Provided data ::

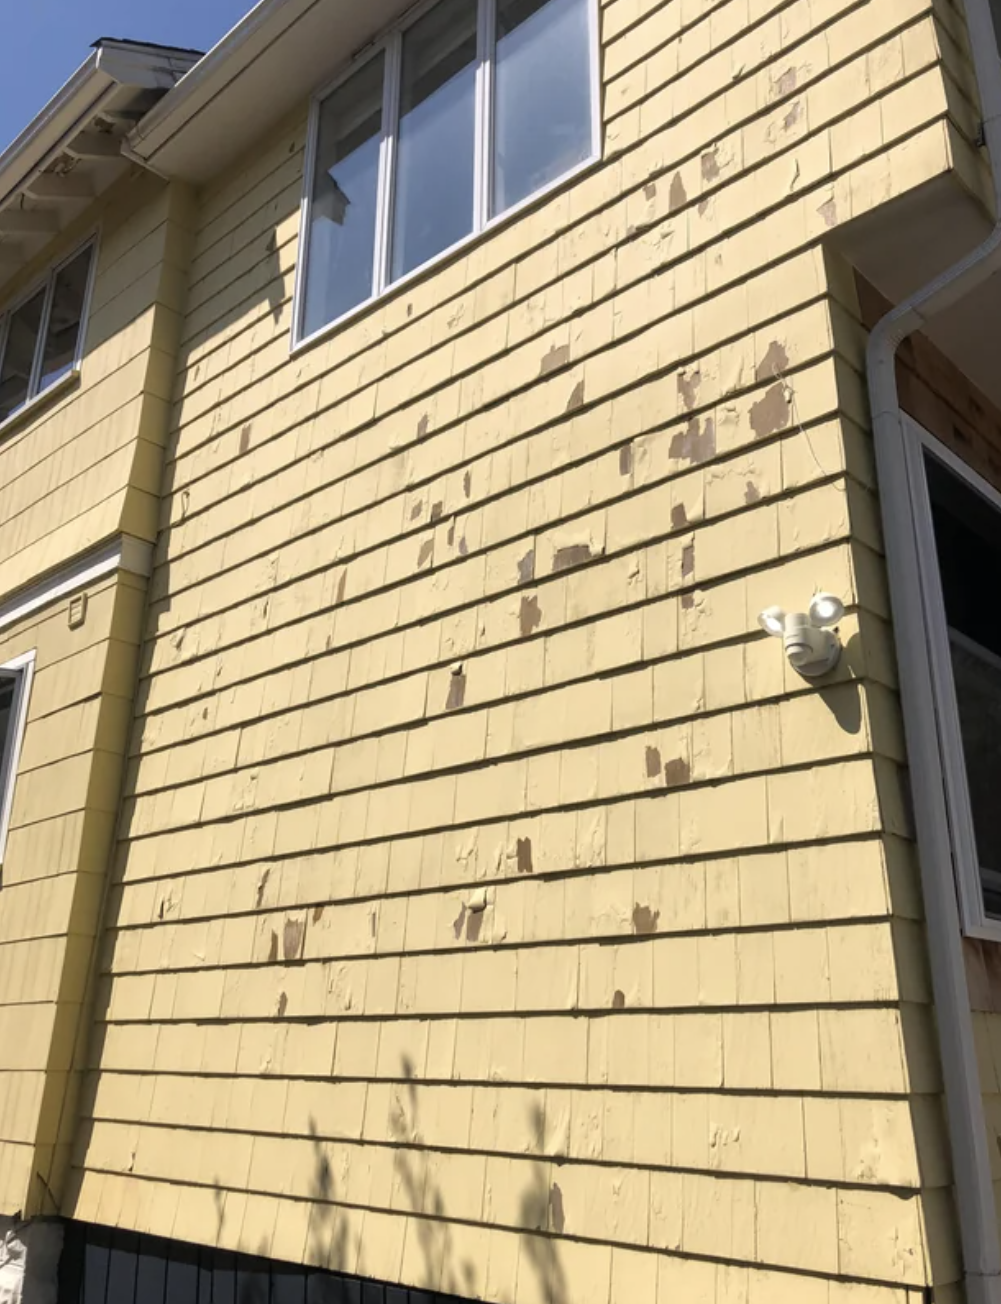 The exterior paint of a house is peeling
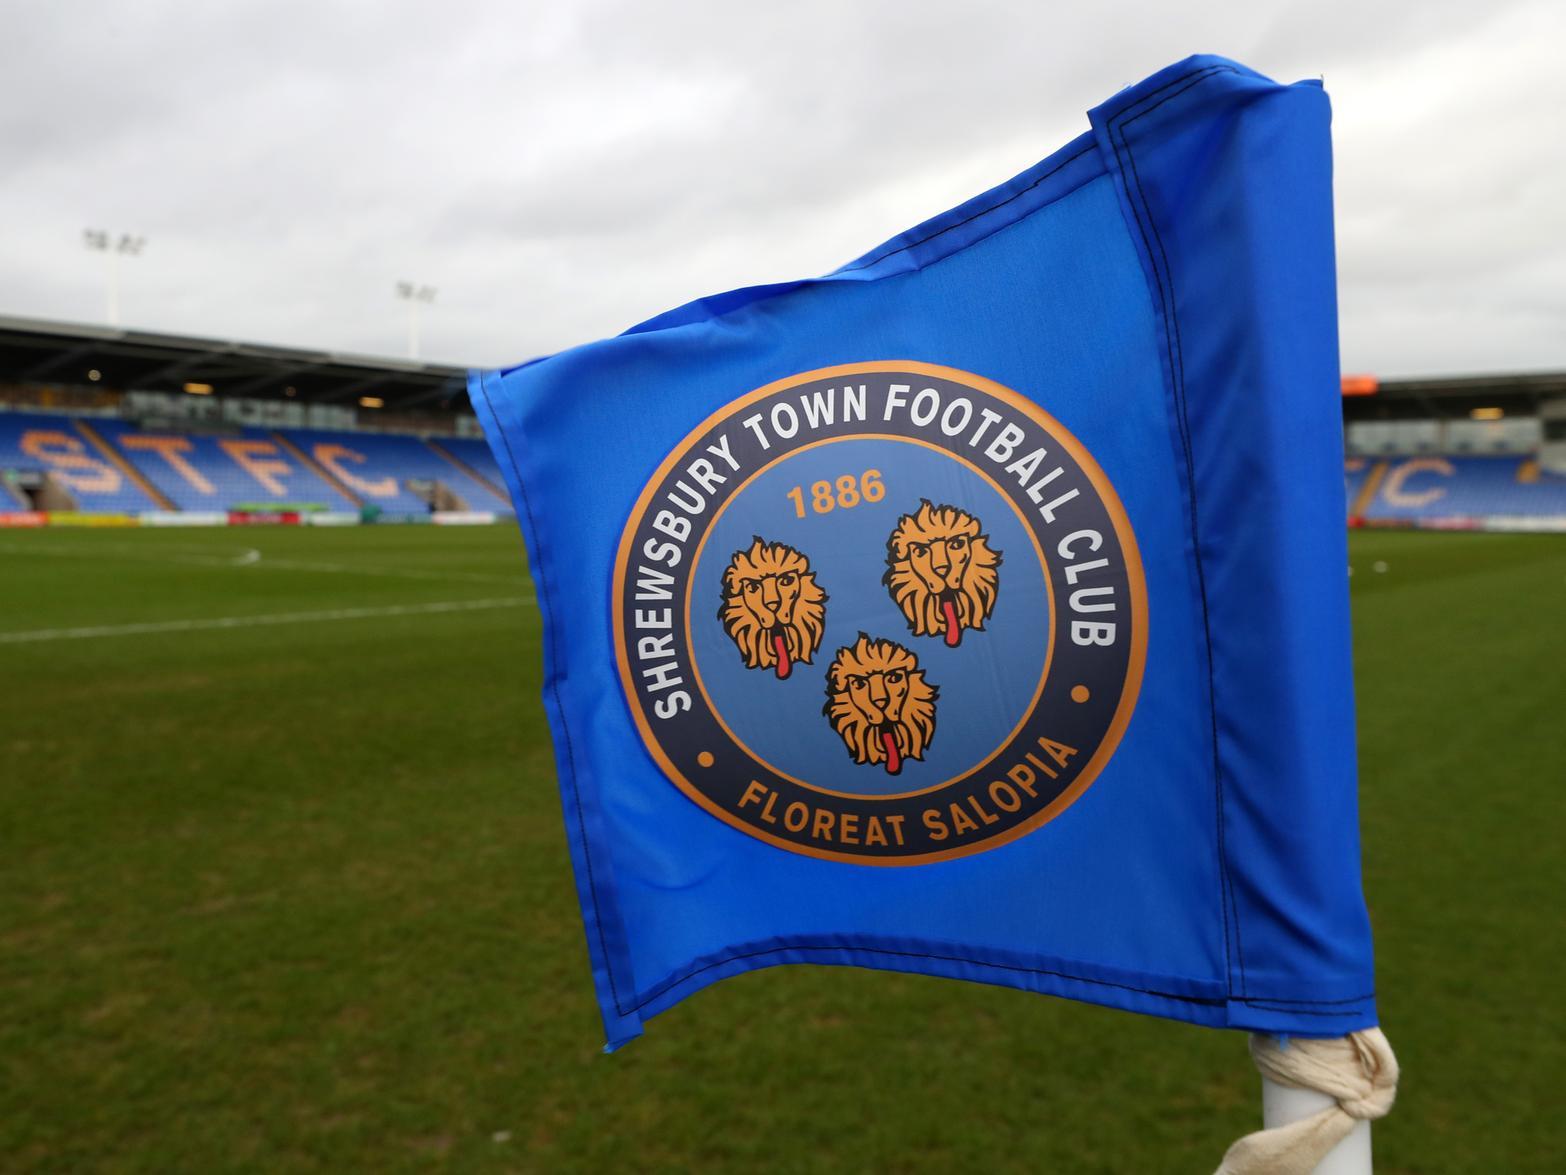 The joint-lowest scorers in the division this season, watching the Shrews in action has been far from a treat. The bookies don't fancy their chances of going up either.
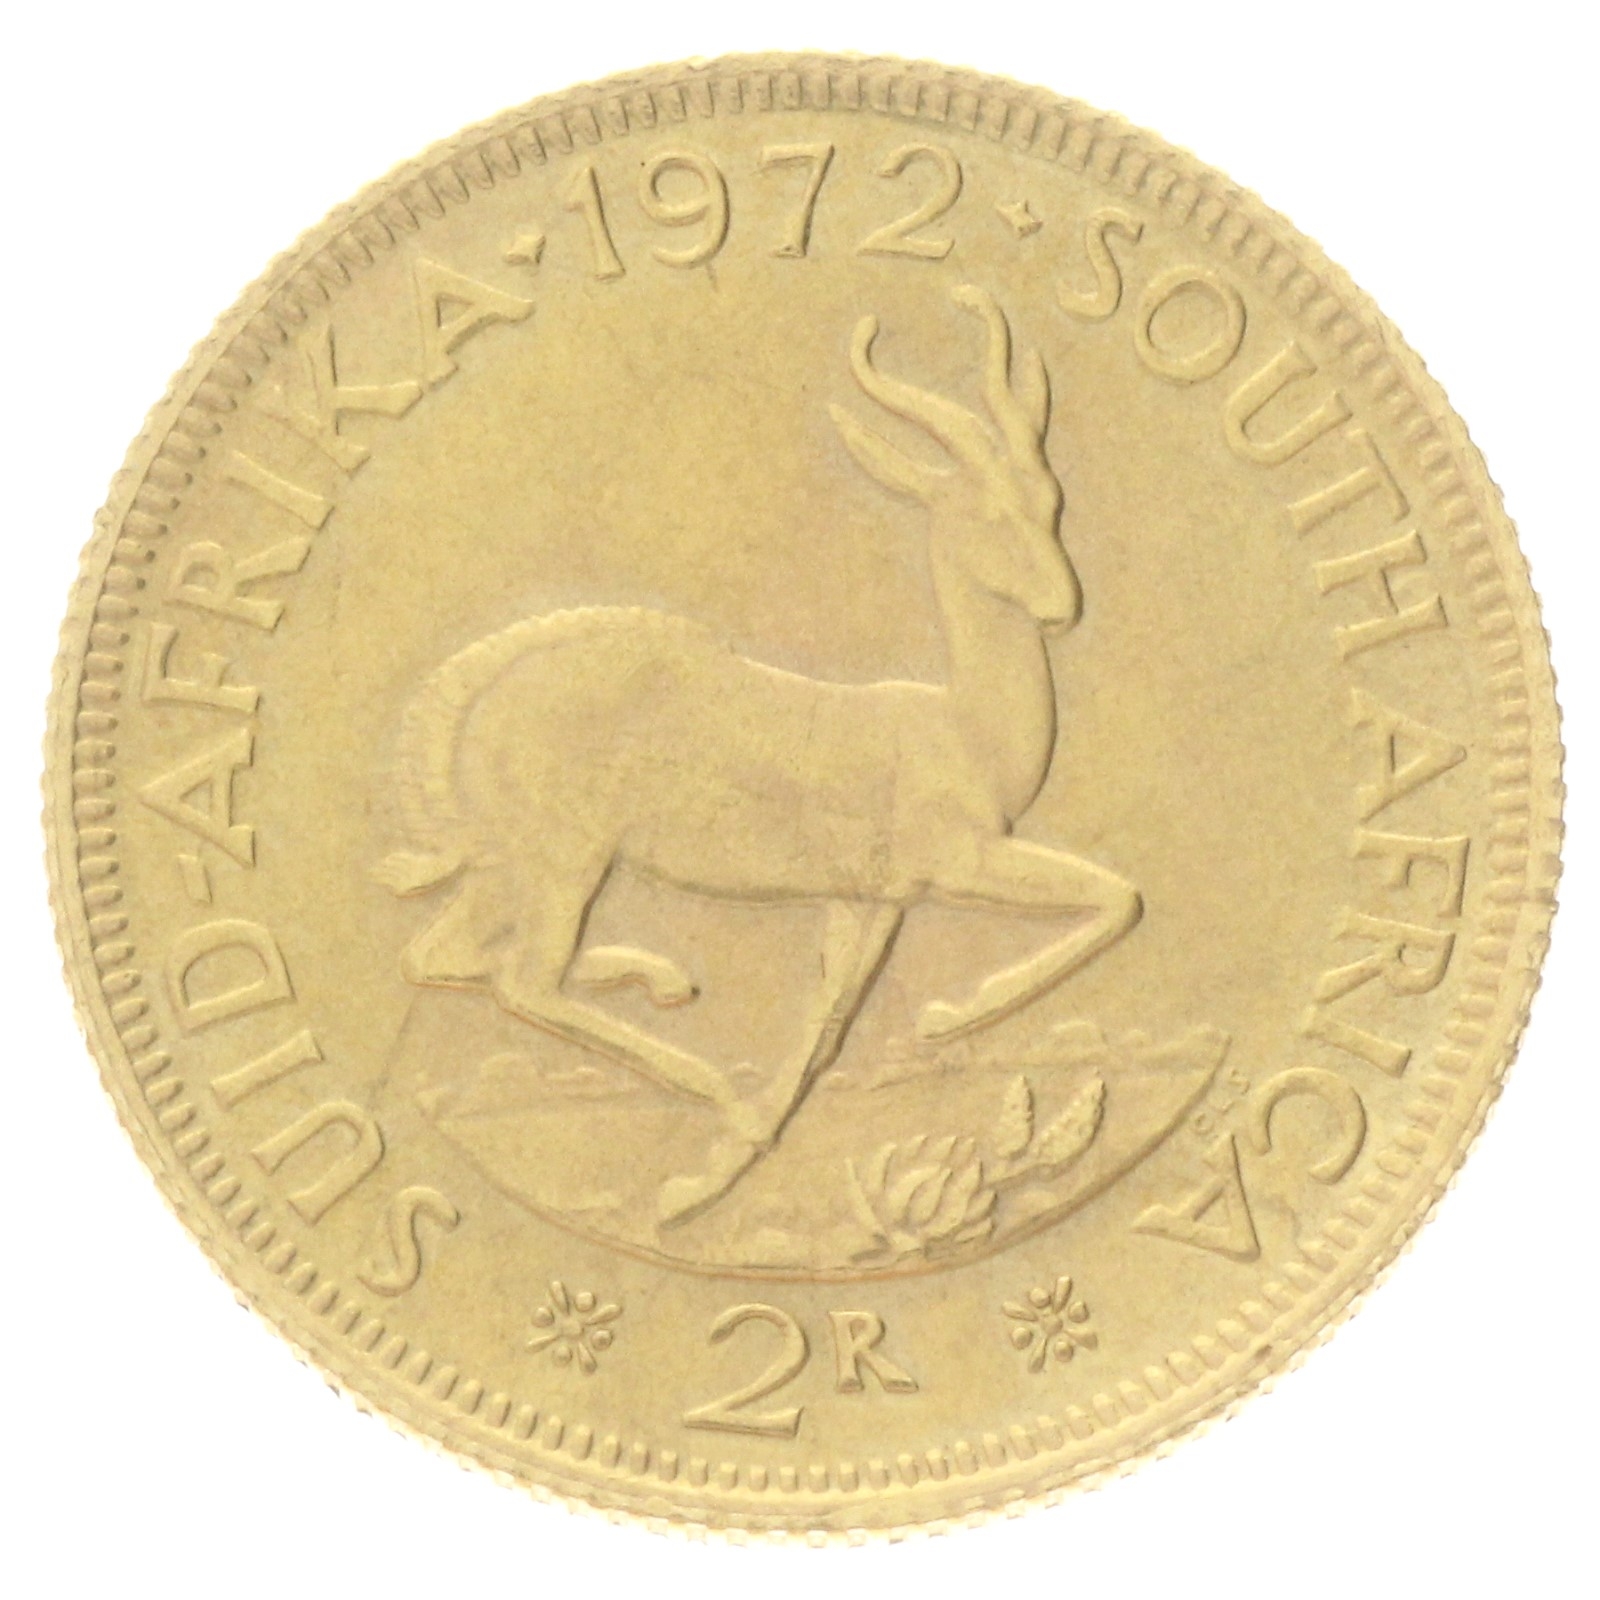 South Africa - 2 rand - 1972

Task statement :: Exactly the lines from the one with "The joint-lowest scorers" through the end of the listing above are to be repeated, with no pictures.

Solution for this task ::
 The joint-lowest scorers in the division this season, watching the Shrews in action has been far from a treat. The bookies don't fancy their chances of going up either.
 South Africa - 2 rand - 1972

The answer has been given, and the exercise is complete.